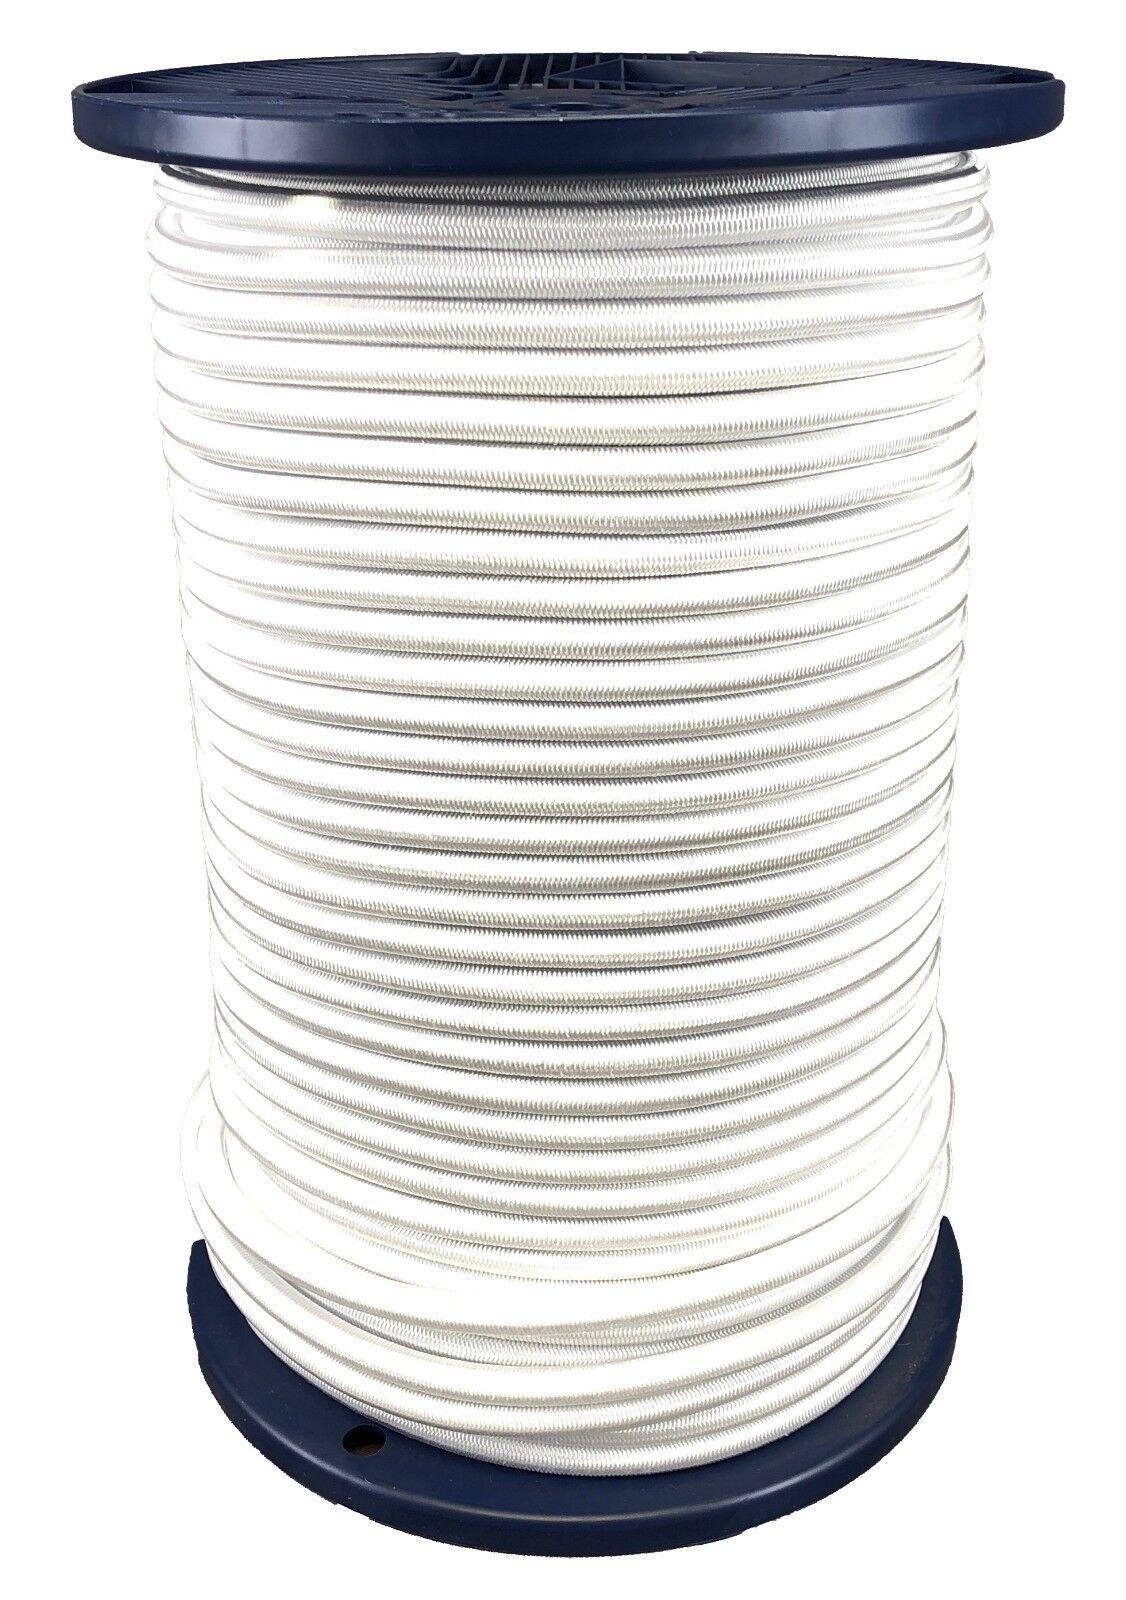 12mm wit Elastic Bungee Rope x 35 Metres Shock Cord Binden Down
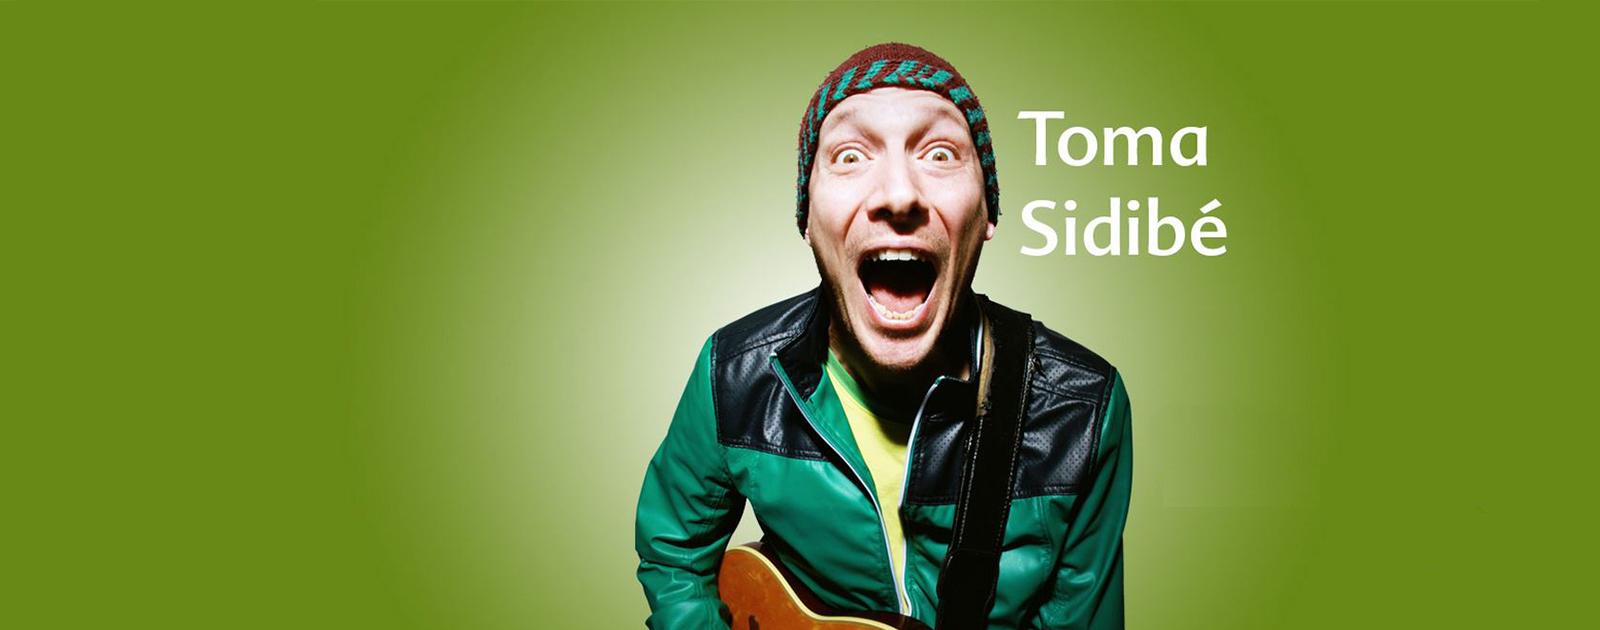 Samedi acoustique: Toma Sidibé
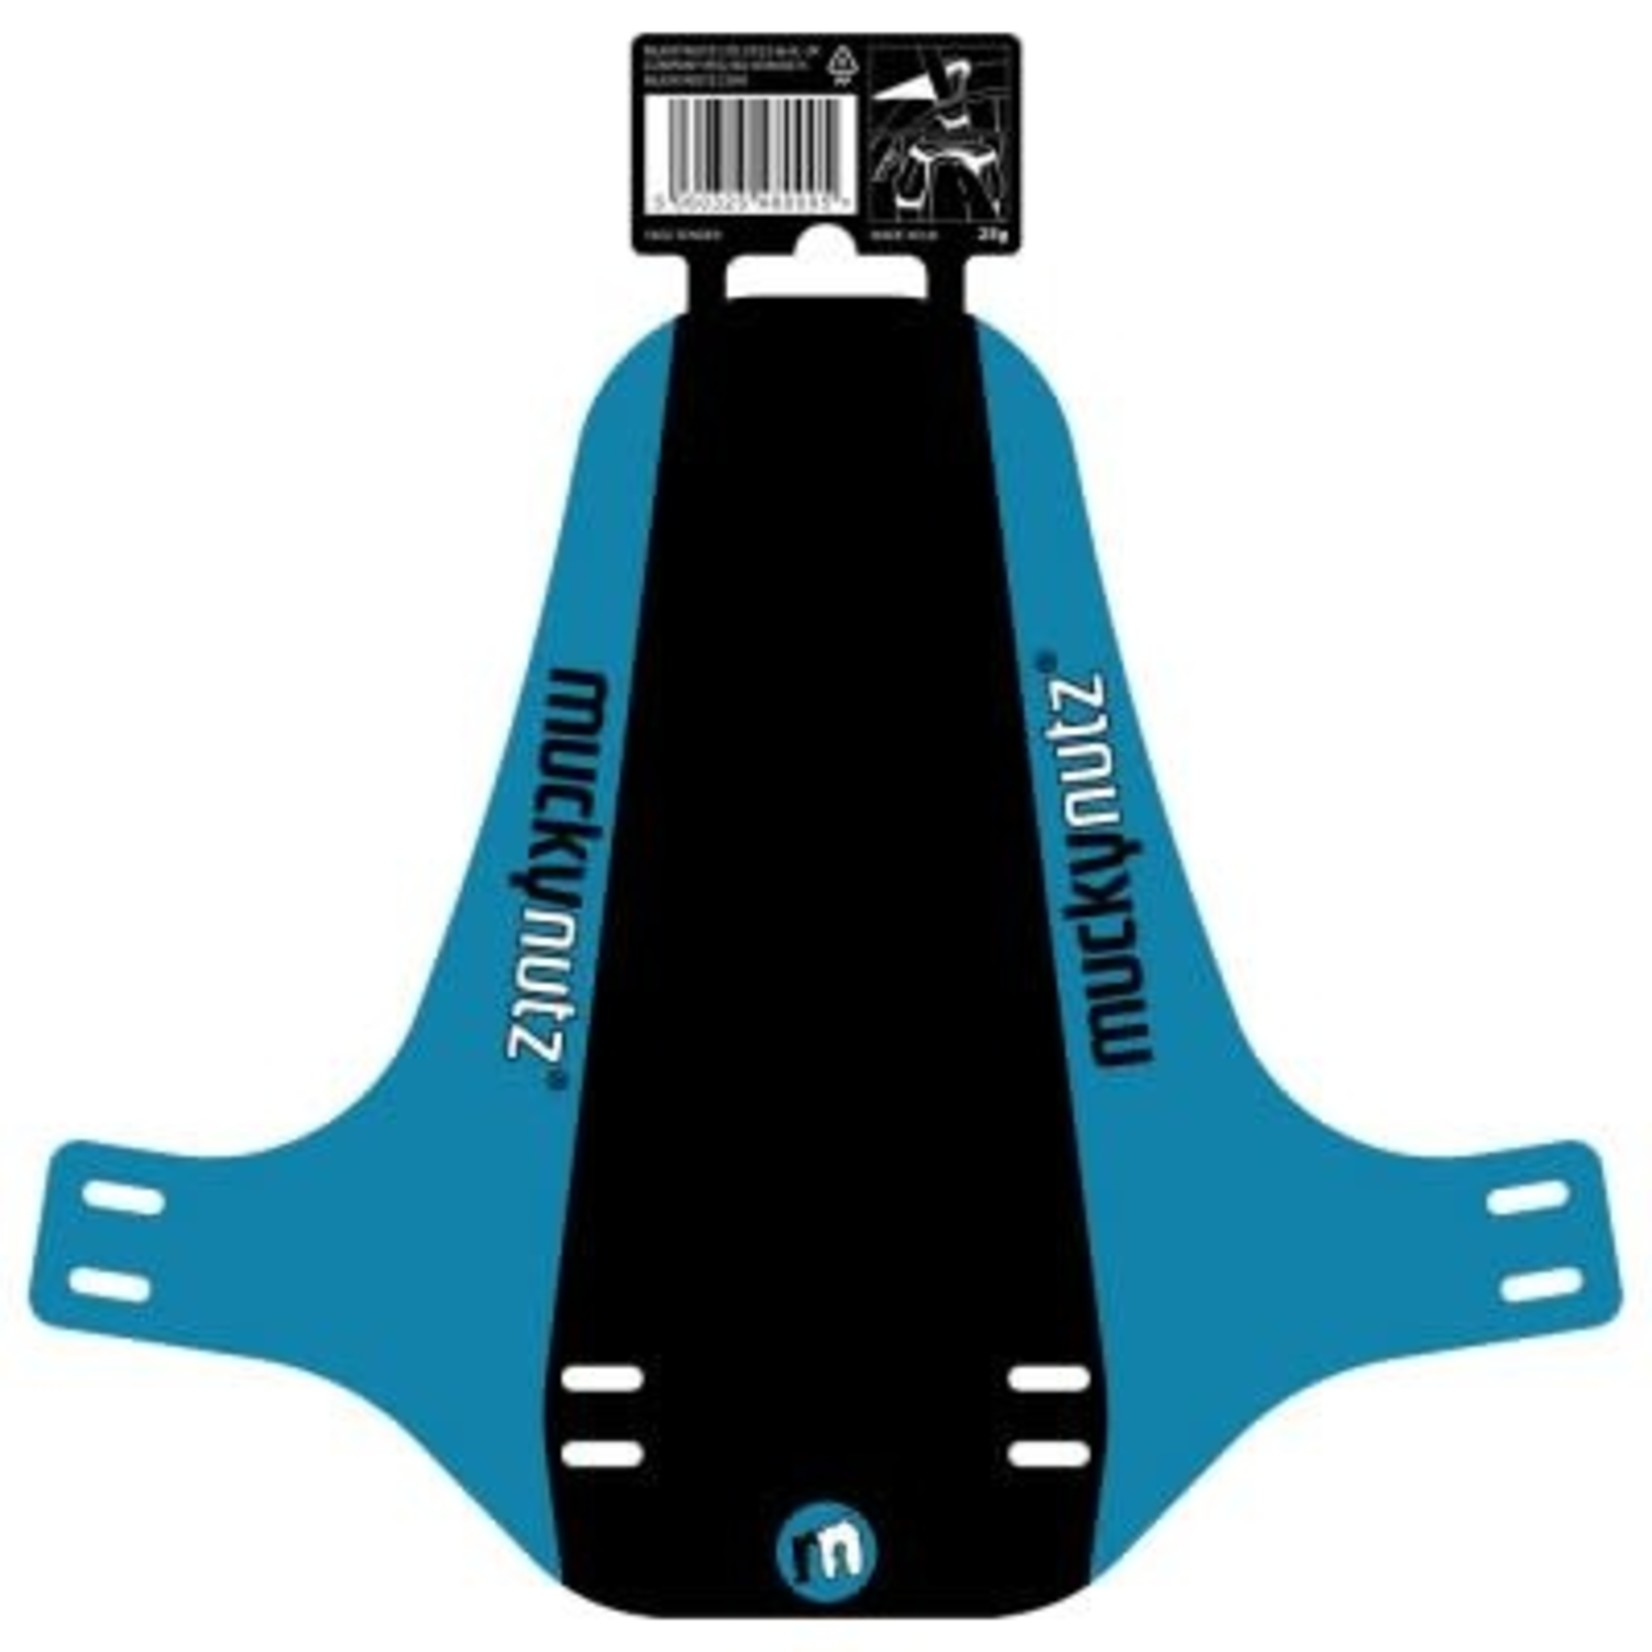 Mucky Nutz Face Fender Black/Blue

[What is being asked]: Copy the preceding data in full and word for word, dropping its pictures.

[Answer box]:
 12mm wit Elastic Bungee Rope x 35 Metres Shock Cord Binden Down
 Samedi acoustique: Toma Sidibé
 Mucky Nutz Face Fender Black/Blue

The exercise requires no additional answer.